If Sample size > 30 then go for z-test

-One T-Test

-Two T-Test

-Paired T-Test 

-Chi-Sqaure Test

-ANOVA Test - Analysis of Variance

-One way Anova : when you have 1 independent feature(Smoker, Premium)

-Two way Anova : when you have 2 independent features(Smoker, Gender, Premium)

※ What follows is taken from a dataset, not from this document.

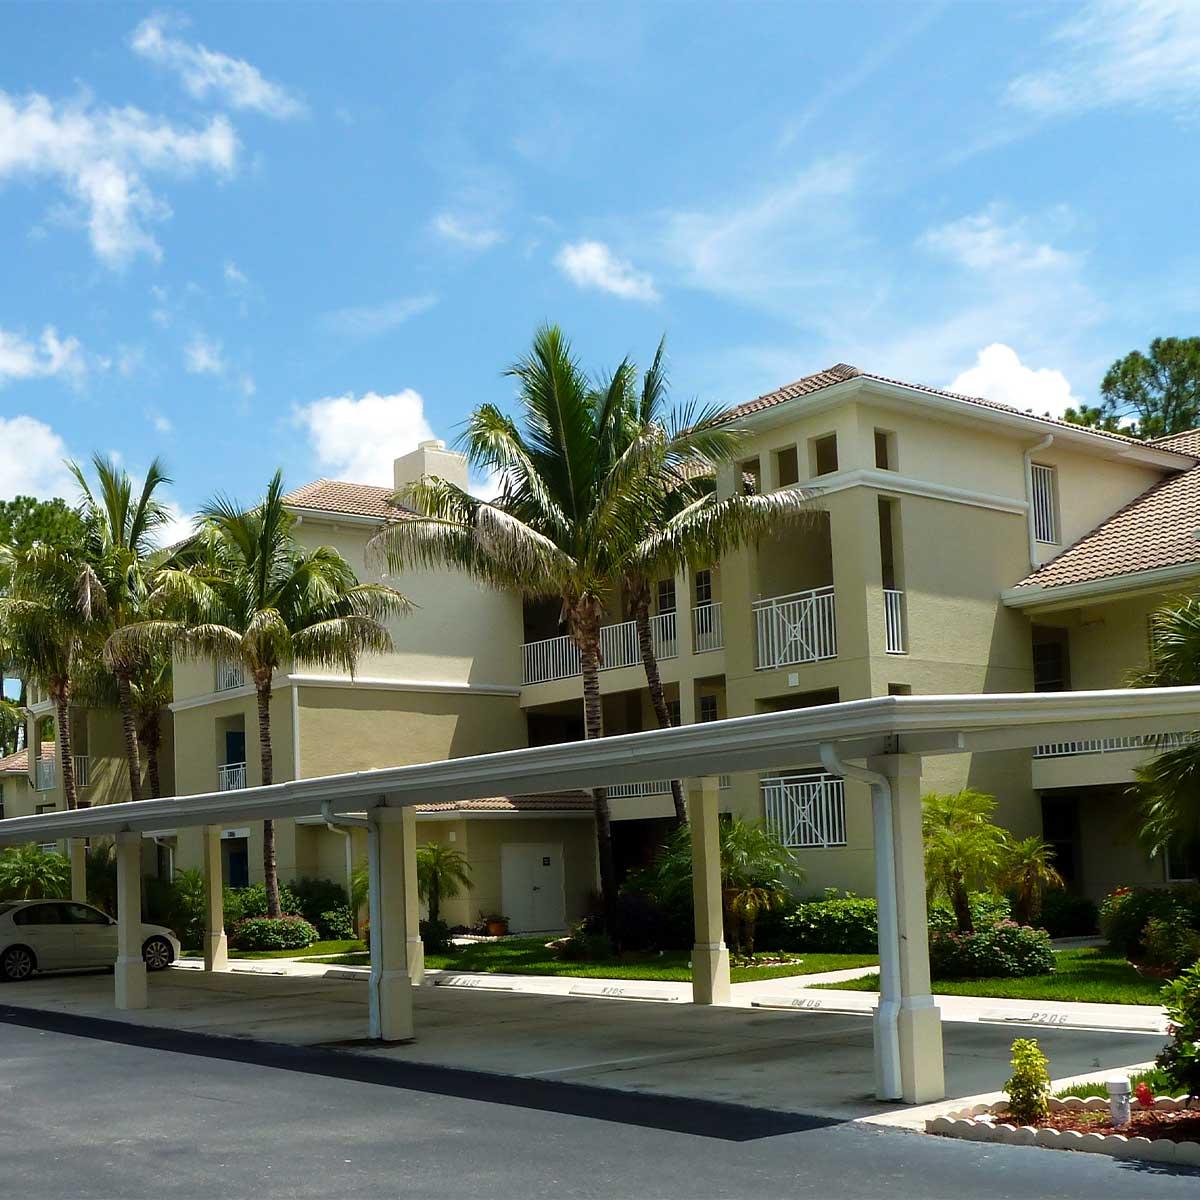 Windward Bay | Tarpon Bay Community Association, Inc. - Naples, Florida

Type 1 error is alpha ( α ) has 3 values (0.05, 0.1, 0.01)
Type II error
Confidence Interval = 1 - α


In [2]:
#stat.ttest_1samp
#stat.ttest_ind
#stat.ttest_rel 
#stat.chi2_contigency
import pandas as pd
import numpy as np
from scipy import stats
import statsmodels.api as sm
from statsmodels.formula.api import ols

In [3]:
insurance_data = pd.read_csv("insurance.csv")

In [4]:
insurance_data.head()

Unnamed: 0,age,gender,bmi,children,smoker,region,Premium
0,19,female,27.9,0,yes,southwest,16884.924
1,18,male,33.77,1,no,southeast,1725.5523
2,28,male,33.0,3,no,southeast,4449.462
3,33,male,22.705,0,no,northwest,21984.47061
4,32,male,28.88,0,no,northwest,3866.8552


In [10]:
insurance_data['age'].shape

(1338,)

In [11]:
insurance_data['age'].isnull().sum()

0

#### One-Sample T Test
The 1-sample t-test is used when we want to compare a sample mean to a population mean (which we already know). 

We want to know whether the mean of the sample is different from the population mean.
![image.png](attachment:image.png)


In [30]:
one_sample = stats.ttest_1samp(insurance_data["age"],1339)
one_sample

Ttest_1sampResult(statistic=-3383.97497297119, pvalue=0.0)

In [33]:
(one_sample[1]/2)<0.05

True

In [34]:
one_sample[0]<0

True

In [31]:
insurance_data["age"].mean()

39.20702541106129

# Other Example

In [62]:
ages=[10,20,35,50,28,40,55,18,16,55,30,25,43,18,30,28,14,24,16,17,32,35,26,27,65,18,43,23,21,20,19,70,20,23,43,54,67,77,86,90]

In [63]:
len(ages)

40

In [65]:
ages_mean=np.mean(ages)
print(ages_mean)

35.775


In [64]:
## Lets take sample
sample_size=10
age_sample=np.random.choice(ages,sample_size)
age_sample

array([19, 35, 30, 18, 16, 77, 24, 25, 23, 55])

In [69]:
ttest,p_value=stats.ttest_1samp(age_sample,35)
print(p_value)

0.6586455871498889


In [70]:
if p_value < 0.05:    # alpha value is 0.05 or 5%
    print("we are rejecting null hypothesis")
else:
    print("we are accepting null hypothesis")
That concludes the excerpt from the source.